Jesse's Travels

Chewing Qat in Yemen

Posted on May 26, 2007

On a rock the size of a football field, pushed, driven upwards out of the earth there lies an abandoned fort. It towers above a tiny village of bricks, cows butchers, men with daggers and women with veils. A village labyrinth of interconnected streets climbing towards the forts entrance gate. A climb, a cough, a spit with a nose that runs to reach the top of a fort with a commanding view of the valley. I can see the invading army approaching, the villages scampering through the labyrinth and up the fort as the men draw their daggers. I am getting carried away. I am on the fort alone but for an American with a camera and phone that refuses to be found.

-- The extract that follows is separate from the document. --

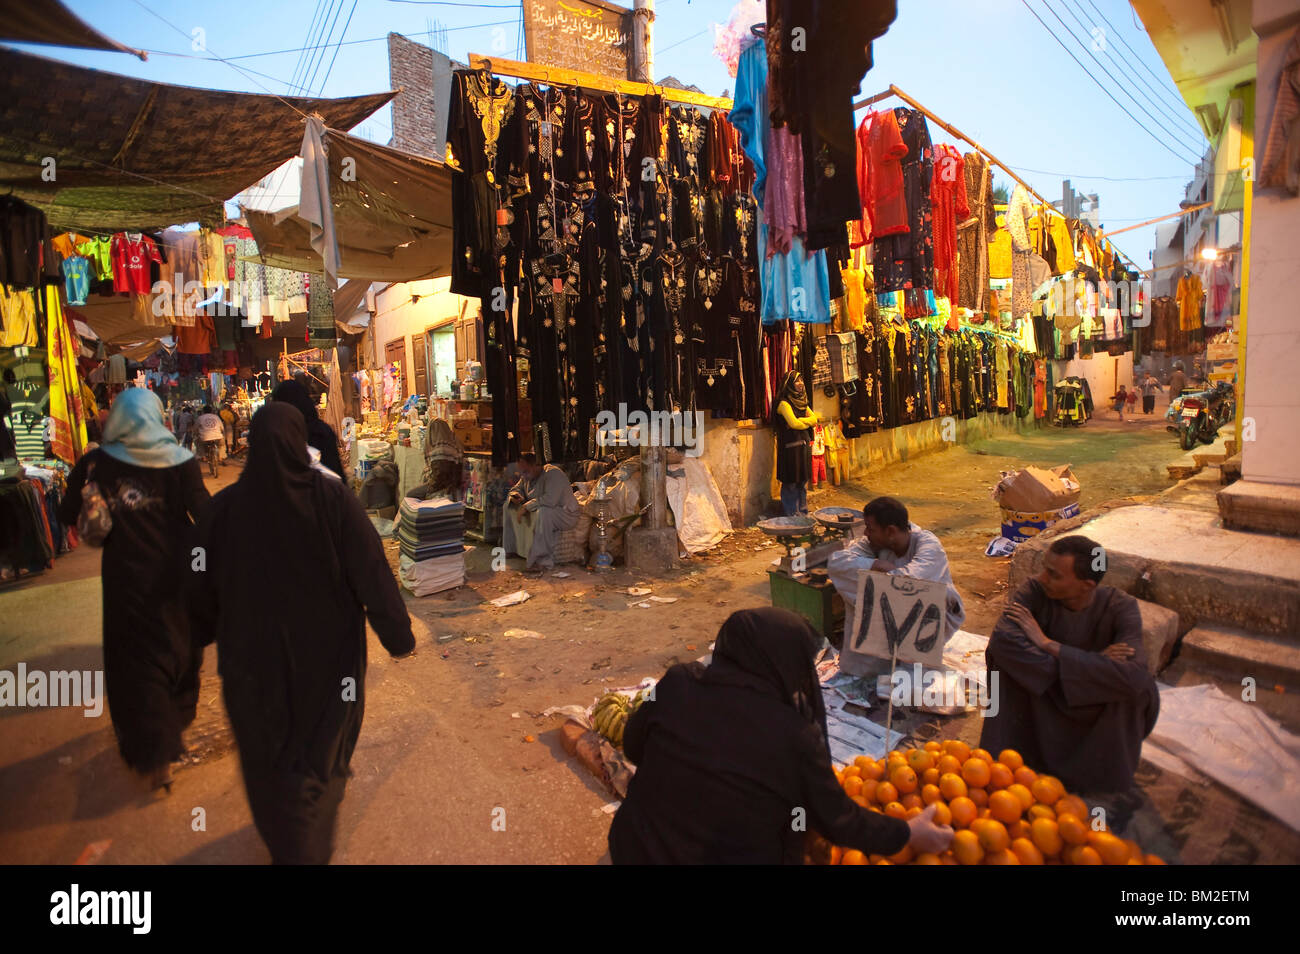 El Souk market, Luxor, Egypt Stock Photo

Four men approach dressed in skirts, cheap suit jackets, towels on their heads, daggers hanging from the front of their belts and a golf ball sized mash of half chewed leaf sitting under one protruding cheek, lop siding the face in an unconscious act of defiance against the beauty of symmetry, Salaam’s are exchanged, photos taken, with no common language and no will to overcome they move on.

I climb turrets, I test my vertigo, the ramparts are solid, I check the empty granaries tunneled straight down into the rock, the empty rock and the empty pool. Abandoned by an age that has forsaken tribalism for the barely plausible brotherhood of Islam and more recently for the tenuous notion of nation. In the centre of the fort, at its highest point a staircase spirals upwards through a tower to reveal the magnificent view. At the top we find a school, twenty boys with daggers, four teachers with daggers and one assumed girl under an all encompassing sheath of black cloth. We are invited to eat, a communal feast ensues, bread piled in the middle, two bags of sauce, a Medusa’s web of arms claw through all available spaces, ripping, dipping and consuming. Photos are taken, the American and myself are invited to chew. In a school we climb down the fort, down the rock and into a car of defined make or model.

Through the valley we roam until we come across another, fort, village, perched atop a hill that the land has fallen away from. On the side of a sheer hill, in the jaws of an overhanging rock we sit, watch the rainfall and begin our Arabic lessons. They ask, “Are you interested in marrying a Yemeni girl?” What else can I reply but “I don’t know, I have no idea what Yemeni girls look like.” Plastic shopping bags of green leaf, qat or khat, are produced, the local intoxicant of choice. Seventy percent of arable land is dedicated to growing it in a country on the Arabian peninsula that is largely desert. I respect a people who forsake the production of food in favour of a narcotic. It is pure nihilism, an affirmation of all that is human and the little that is animal, our break from the evolutionary process in favour of pleasure over the struggle for survival. Mohammad banned alcohol so the Yemenites took to a new drug with a fervour that no man or God could dare ban without fear of complete and permanent insurrection. The police, the army, immigration, the rich, poor, farmers and city folk, the young the old, men and women are all chewing. If it is Allah that unites the Arabs then it is qat/khat that unites the Yemenites. We sit and chew, the first half an hour the taste is bitter and it invites ejection. Then the taste disappears, more leaf is added unconsciously, the soft leaves picked from branches, cleaned with a wipe of the fingers. A subtle aura comes into effect, everyone is talking and laughing but coherent, not wasted, all on the same topic, convergent not divergent worlds. Vitality increase, life force enhanced but not set into overdrive, not overpowering like speed or ego driving like coke it has a subtle barely conscious effect. So long as the chewing continues sleep will never occur, its like cocoa leaves, it removes the appetite and can only be quenched with beer or ganja. I give this drug my fullest of recommendations. Do not consume any other drug first, it is a starter, a gateway into the day and night. It is addictive but after chewing all through Ethiopia and Yemen I felt no withdrawal. With the afternoon finished the American guy and I got in a nine seat car and returned through the three checkpoint to Sa’na with our permits that we photocopied from someone else to the maze of the capital.